No one’s ever accused Art Spiegelman of oversaturating the marketplace. In fact, one of the major criticisms levied against the artist has been his relatively meager output. Of course it’s never wise to rush an artist, but, in spite of years spent working for the New Yorker, the cartooning world had good reason to wonder why it took the artist nearly a decade and a half to craft the followup of Maus’s second volume, the relatively skinny mediation on 9-11, In the Shadow of No Towers.
In 2008, however, it seems as though Spiegelman is making up for lost time. The year has already seen the release of his first Toon Book, Jack and the Box; his remastered anthology, Breakdowns; and the upcoming McSweeney’s sketchbook collection, Be a Nose.
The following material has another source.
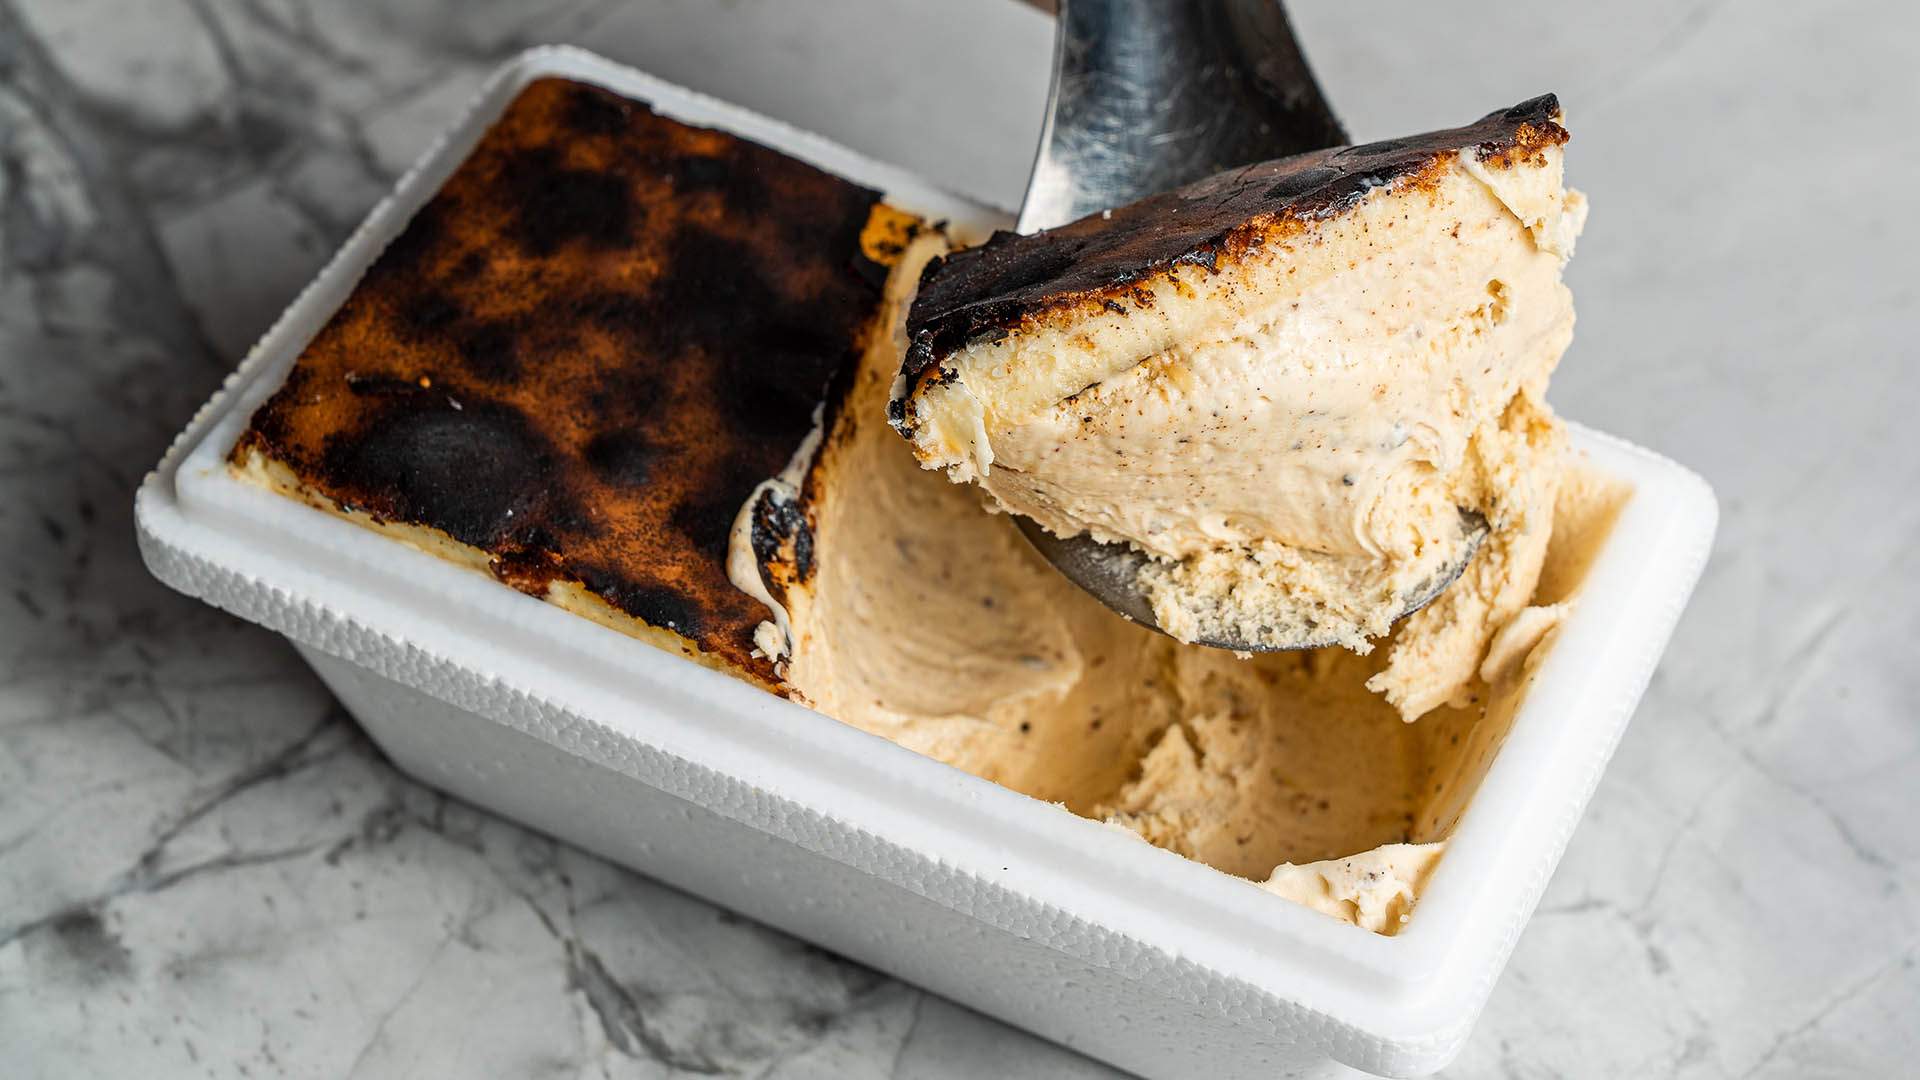 Messina Is Bringing Back Its Limited-Edition Tubs of Basque Cheesecake-Topped Gelato

In this third part of our interview, we discuss the process of writing his first children’s book, and how exactly Spiegelman spends all of his time.
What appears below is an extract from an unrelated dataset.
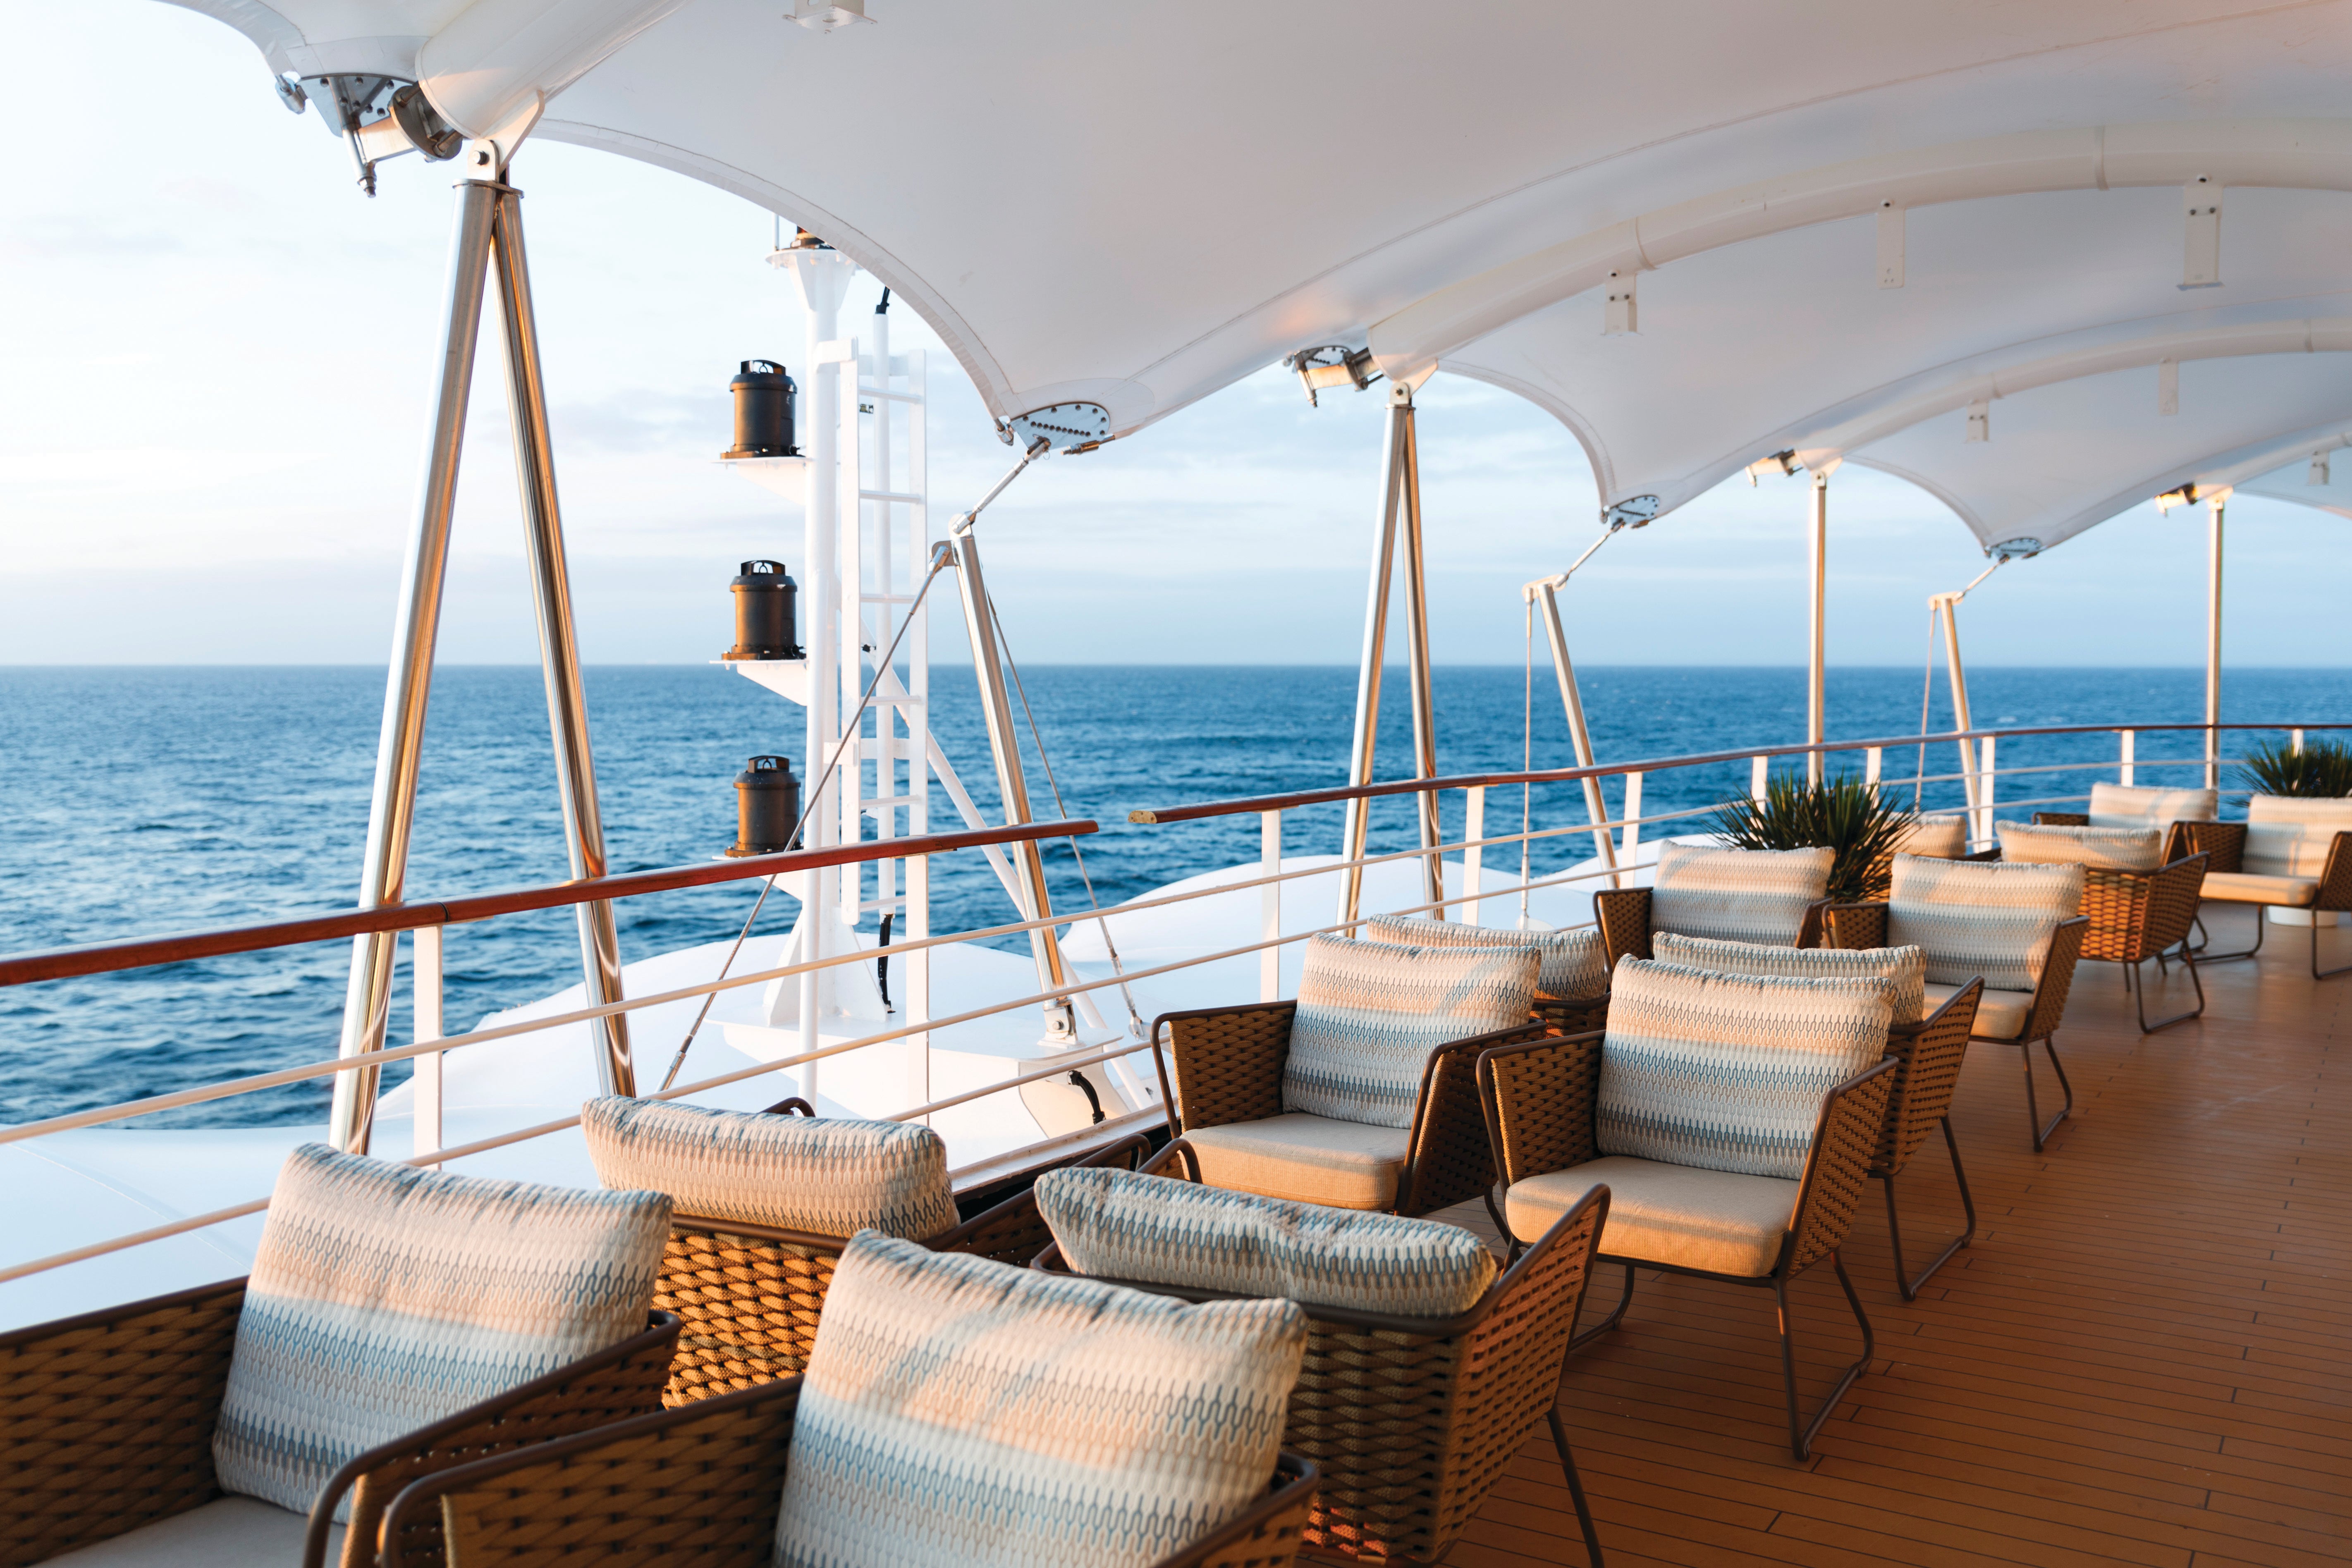 Silver Spirit is the epitome of seafaring indulgence

Certainly in book form I’ve never had anything like this. But for somebody who isn’t prolific, if I look at what I’ve got at any given time, it’s not exactly life of Riley here. It’s not as focused as it might be, in terms of comics work.
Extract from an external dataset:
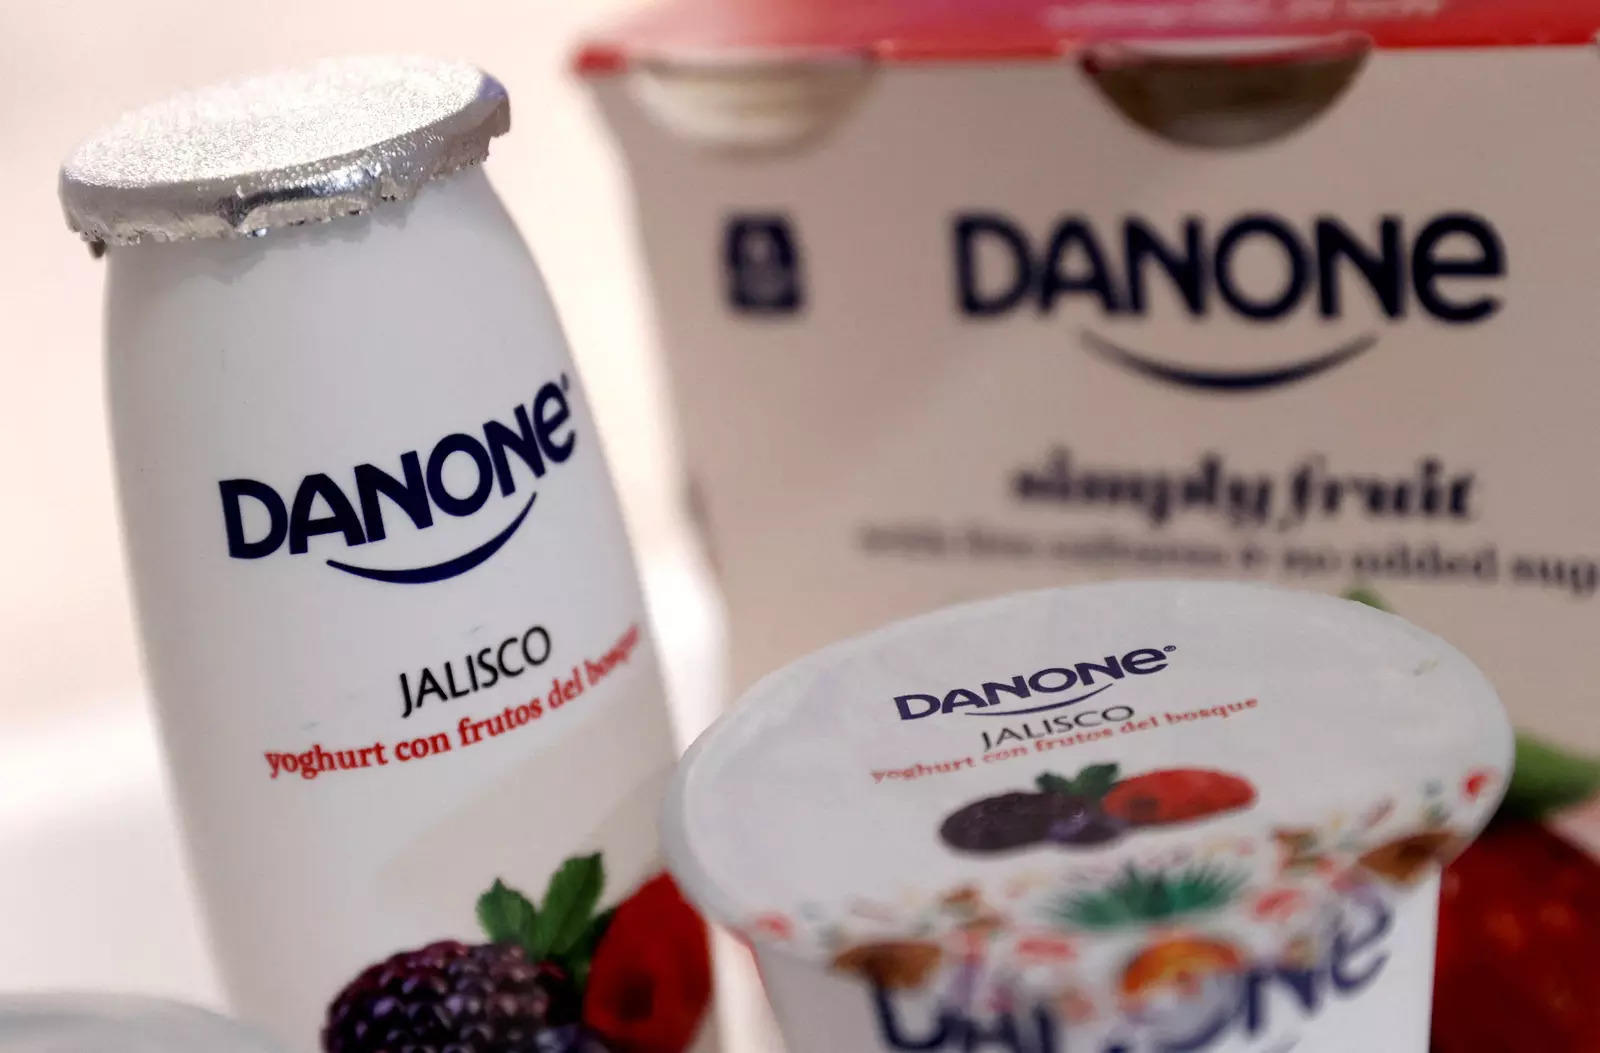 Danone sources whey from east as costs in Europe rise

It’s got to be particularly rewarding to have a new book come out, though.
Oh, I love books.
There was a fairly large gap between Maus and Towers.
There was. Although I did a book that was published in Italy, but not here, of my collected New Yorker work. And there were essays and drawings, but no other book until now.
Do you require some very intense motivation to actually put out a book?
Well, I don’t like to waste trees. I know I’m not going to win any Guiness Book of World Records for pages produced—I think Tezuka has it sewn up. It’s just that it’s got to come up to a certain interior standard.
Is the bar set by the work you’ve released, or is it more of an internal editor? Did Maus set the bar for all of your subsequent work?
Maus has certainly had an impact on what comes after. Maus itself was a result of the same convoluted internal machine that this is, and before that, the work in Breakdowns was the same way.
But are you afraid of release something that won’t have the same emotional resonance as Maus?
Oh jeez. Maus was kind of this crossover hit. It’s like a blues musician who is played on every AM station. So I don’t expect that what I produce now would be that, but there is a period where I didn’t want to do anything that would get in its way.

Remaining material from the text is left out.